Hi Sabeen, and welcome to the Forum.

I can't help you with get-togethers, though I am aware that a number of TTF members know each other personally. Perhaps some of them are near you. There were discussions on having formal/informal gatherings, eg:conventions next year in the States and Europe, but the threads seem to have got buried.

As for TTF shirts etc. they were marketed through www.cafeshops.com/thetolkienforum, but I don't know if that is still the case.


----------



## Talierin (Apr 25, 2004)

http://www.zazzle.com/contributors/products/gallery/browse_results.asp?cid=238559932318876665

The newer shirt I did is here, I have one, it's awesome.


And yeah, the convention idea kinda died. You could try posting someplace asking if there's any TTFers in your area and if they want to meet.


----------



## Eledhwen (Apr 27, 2004)

I like the design (better, I must say, than the red of cafepress); but how large is it?

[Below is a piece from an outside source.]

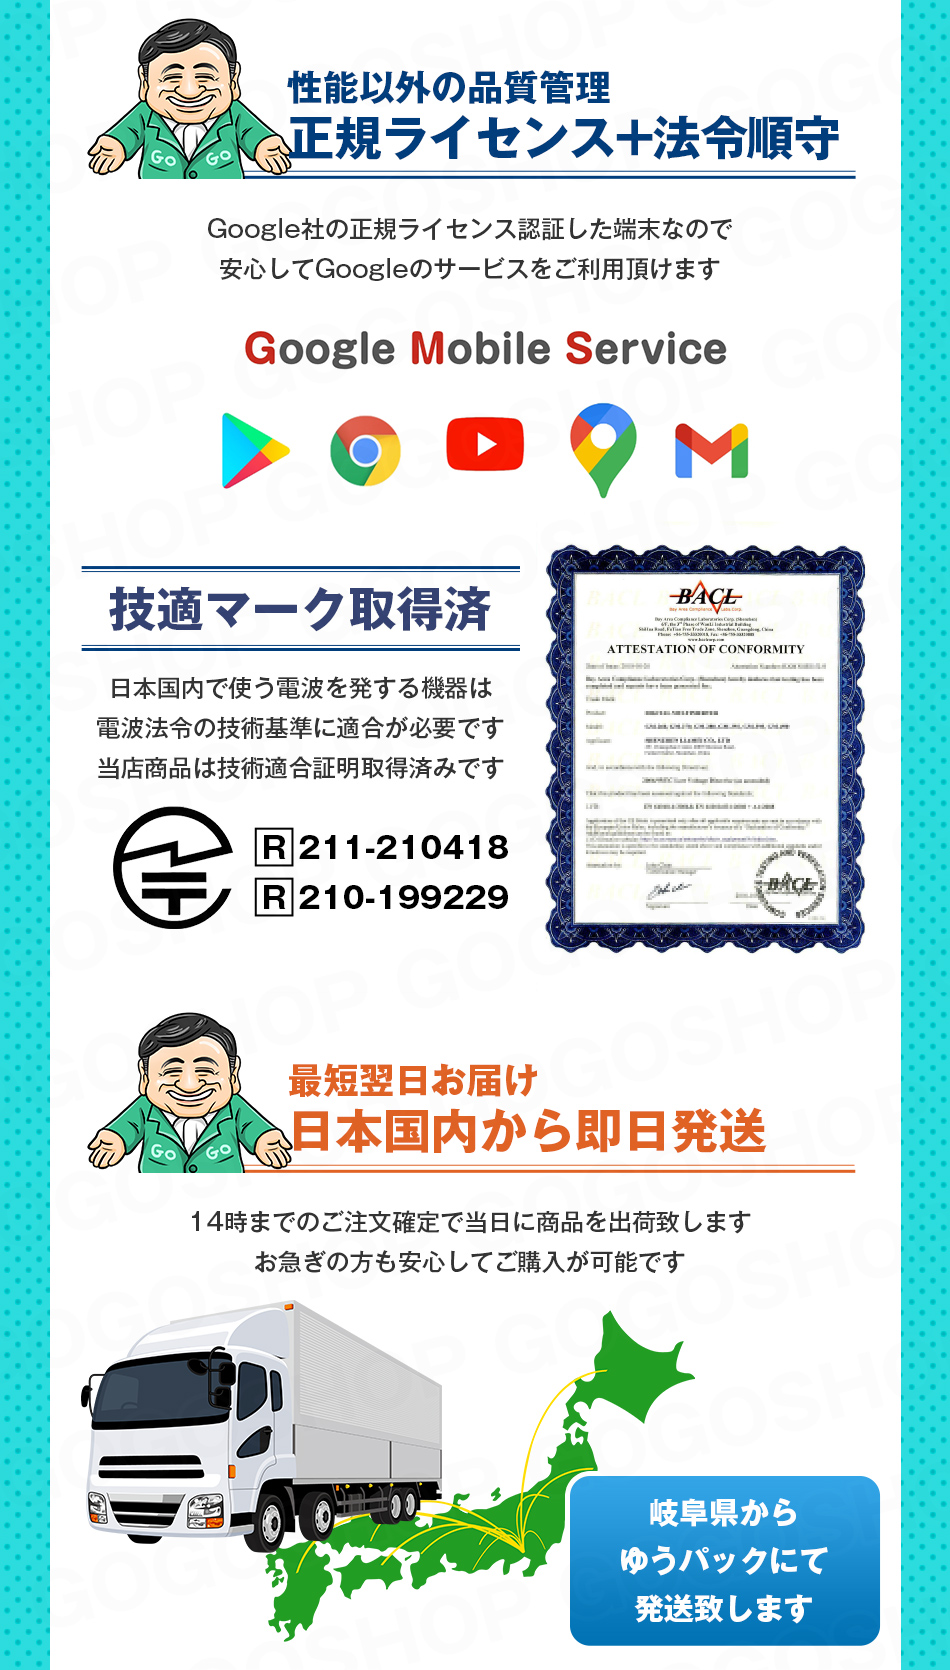 タブレットPC 1万円タブレット タブレット android

I hate wearing large logos on t shirts, and though I make an exception for TTF, I generally never wear brand names on the outside of my clothes (they'd have to pay me for the advertising space).


----------



## Mrs. Maggott (Apr 27, 2004)

Talierin said:


> http://www.zazzle.com/contributors/products/gallery/browse_results.asp?cid=238559932318876665
> 
> The newer shirt I did is here, I have one, it's awesome.


Is there anywhere we can go to see it? If not, can you post a picture anywhere for us to see - and when will it be available for purchase (if ever)? I do stained glass (and create dolls both in fabric and porcelain and draw and paint etc.) so I know how wonderful it is to "craft" and "create". I did a stained glass Gandalf once, but it disappeared (I think my daughter was in the area when it was last seen!).


----------



## Talierin (Apr 27, 2004)

Whoops, wrong link, try this one: http://www.zazzle.com/contributors/...hing=on&product_id=235010089309695435&index=1

The logo is quite big, but it's on the back on the shirt. There's a smaller breast-pocket sized one on the front, and I don't find it distracting. And you can buy it now if you want... they've been for sale for almost three months, but they don't seem to be very popular


----------



## Mrs. Maggott (Apr 27, 2004)

Talierin said:


> Whoops, wrong link, try this one: http://www.zazzle.com/contributors/...hing=on&product_id=235010089309695435&index=1
> 
> The logo is quite big, but it's on the back on the shirt. There's a smaller breast-pocket sized one on the front, and I don't find it distracting. And you can buy it now if you want... they've been for sale for almost three months, but they don't seem to be very popular


Could be because idiots (like me) didn't even know that they were available! I will order at least one when the moment presents itself!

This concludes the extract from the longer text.